Problem 2.15 For the leveling shown below, calc .. Solved,
2.15 For the leveling shown.. 2.15 For the leveling shown below, calculate adjusted reduced levels for all points in the level table Expert Answer ♥♥♥ ANSWER 2.15 For all station, HPC = known Reduced Level + Backside Reduced level/RL = HPC – (IS or FS) Now, for calculation Checks, (Sum of all backside/BS) – (Sum of all Foreside/FS) = (Last reduced level/RL) – (First reduced level/RL) = 7.528 – 7.009 = 66.636 – 66.117 = 0.519 For correction Net Correction = Actual final RL – Calculated final RL = 62.629 – 66.636 = -4.007 Number of stages = No of BS = No of FS = 4 in this case There4, correction = = = -1.00175 Correction in stage one (red) = 1 X Correction = -1.00175 // // two (green)= 2 X Correction = -2.0035 // // three (yellow) = 3 X Correction = -3.00525 // // Four (blue) = 4 X Correction = -4.007 For all Reduced Levels, Corrected RL = Calculated RL + Correction 2.15 For the leveling shown .. solved.

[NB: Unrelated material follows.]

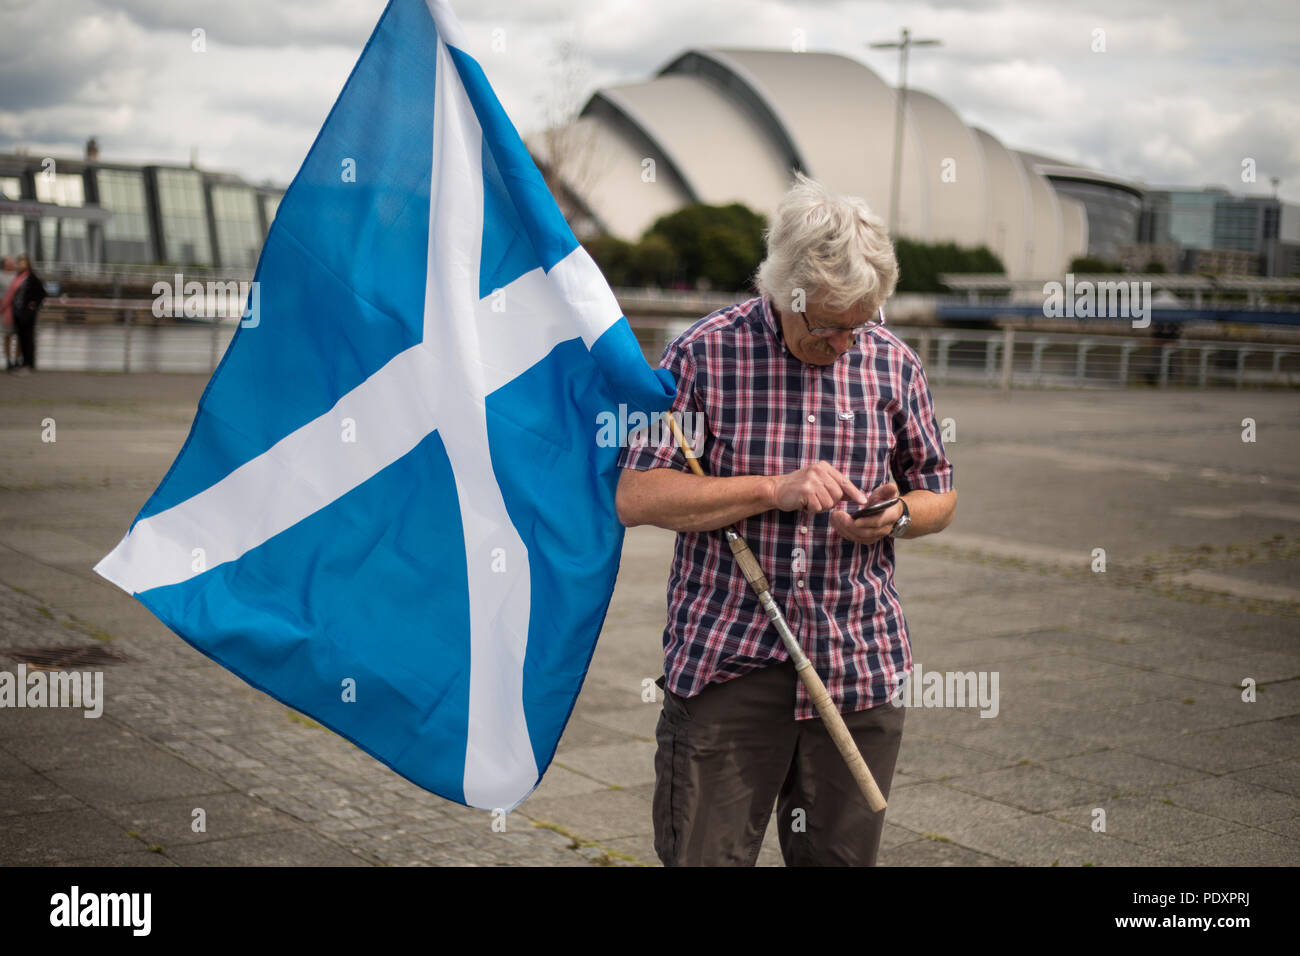 Glasgow, Schottland, am 11. August 2018. Pro-Scottish Unabhängigkeit Anhänger protestieren gegen eine wahrgenommene Vorurteile der BBC gegen Schottland und die pro-schottischen indpendence Bewegung. Etwa 300 Menschen nahmen an den Protesten außerhalb der BBC bei Pacific Quay, in Glasgow, Schottland. Bild: Jeremy Sutton-Hibbert / alamy Nachrichten. Stockfoto

2.13, A digital level was checked for collimation error using …Solved
2.13, A digital level was checked for collimation error using a two-peg test and the following results were obtained. With the level midway between two pegs B1 and B2 which are 40 m apart: Staff reading at B1 = 1.476 m Staff reading at B2 = 1.432 m Level set up 10 m from B2 along the line B1–B2 extended: Staff reading at B1 = 1.556 m Staff reading at B2 = 1.472 m Calculate the collimation error in the level and the readings that would have been obtained with the level in the second position close to B2 had it has been in perfect adjustment. Expert Answer.♥♥♥ A digital level was checked.. answered.